The Childhoods/Natures Seminar Series is an online monthly event that hosts academics from across the globe and from a wide range of disciplinary backgrounds to speak about their research on childhoods, children-nature relationships, and child development. Organized by the research group LearningNatures based at the Rachel Carson Center, it offers a space to think about and discuss childhoods and child-nature relationships across disciplinary boundaries. 

In this April session, participants will be joined by social anthropologist Dr. Karri Neldner (University of Western Australia, Max Planck Institute for Evolutionary Anthropology), who will present on “Children's Developing Intuitions about Animal Mind.” 

PLEASE NOTE: The semimar had been postponed due to illness. It will take place at a later date.

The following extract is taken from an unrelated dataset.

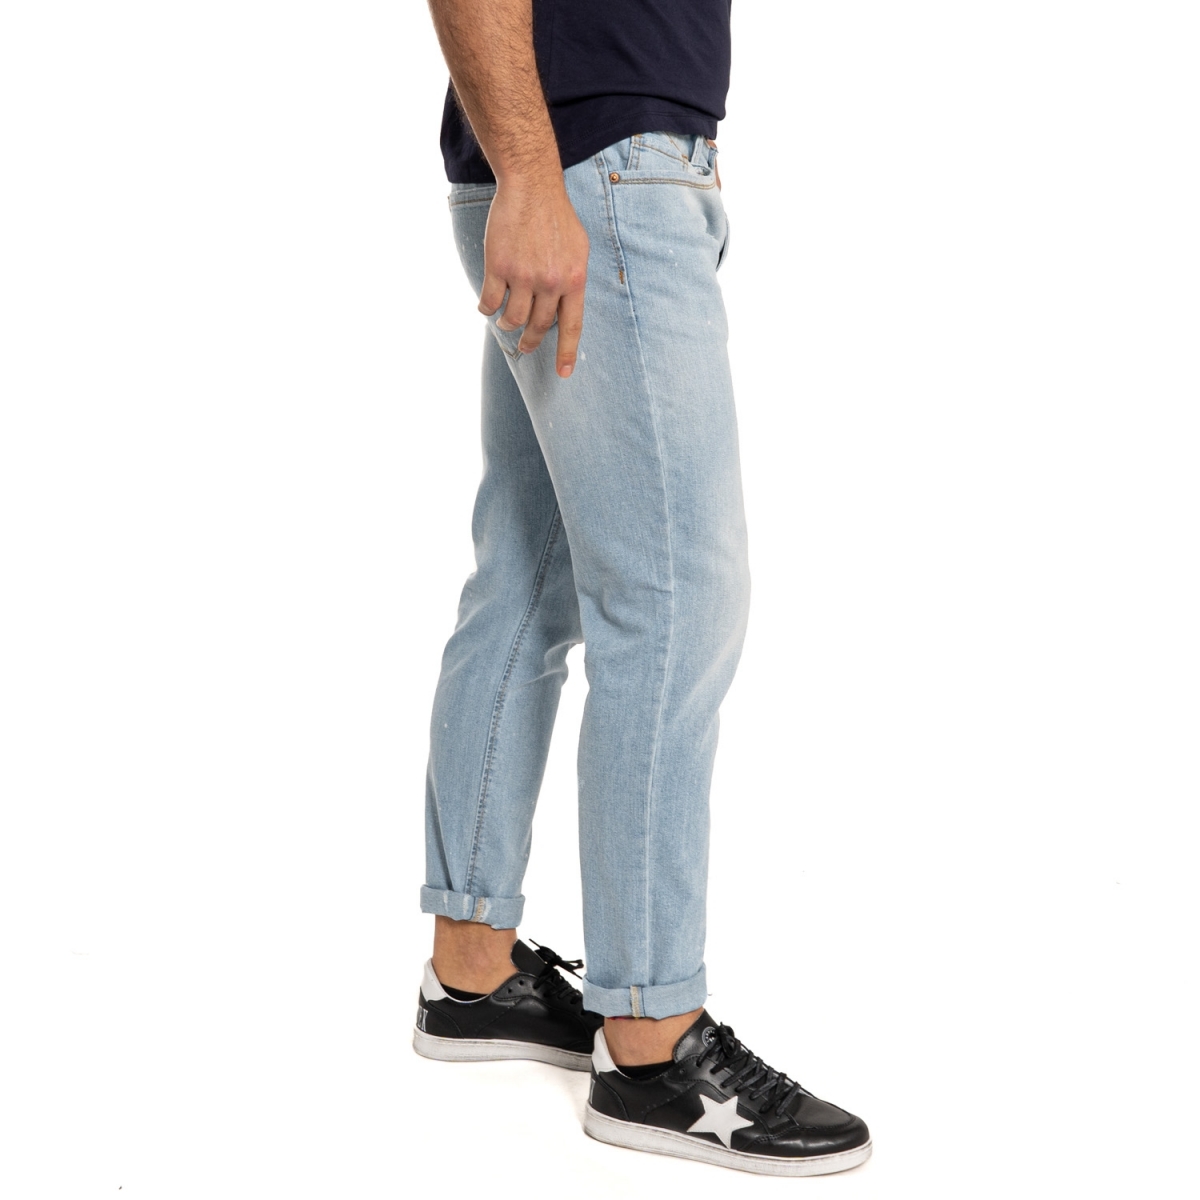 clothing Denim men Jeans Slim fit LPHM1090-3 LANDEK PARK Cafedelmar Shop

Our speaker will be Dr. Karri Neldner, a cross-cultural and developmental psychologist currently at the University of Western Australia and affiliated with the Max Planck Institute for Evolutionary Anthropology. She recently worked at the University of Leipzig on the large-scale “Children and Nature Project” project in psychology led by Prof. Katja Liebal and Prof. Daniel Haun. The talk presents some of the outcomes from that project, which is ongoing:

Adults tend to grant animals the capacity to feel basic emotions, but deny them complex cognition and sophisticated emotions (Haslam et al., 2008). However, we know little about when and how children consider the mental experience of animals. To gain a cross-cultural perspective, we examined children’s folk theories of animal mind across 13 countries: China, Colombia, Ecuador, Germany, India, Indonesia, Italy, Japan, Namibia, Peru, Switzerland, Syria, and Turkey. We asked children whether animals have thoughts and feelings, and how similar they think these thoughts and feelings are to the way humans experience them. Results reveal that, while cultural variation exists in the proportion of children willing to grant thoughts and feelings to animals, children in all communities were more likely to assign capacities ‘to feel’ to animals, over capacities ‘for thought.’ Similarly, children consistently consider animal thoughts as dissimilar to human thoughts. We consider these results in terms of human tendencies to distinguish human mental experience from that of other animals.

The seminar will be held virtually on Zoom.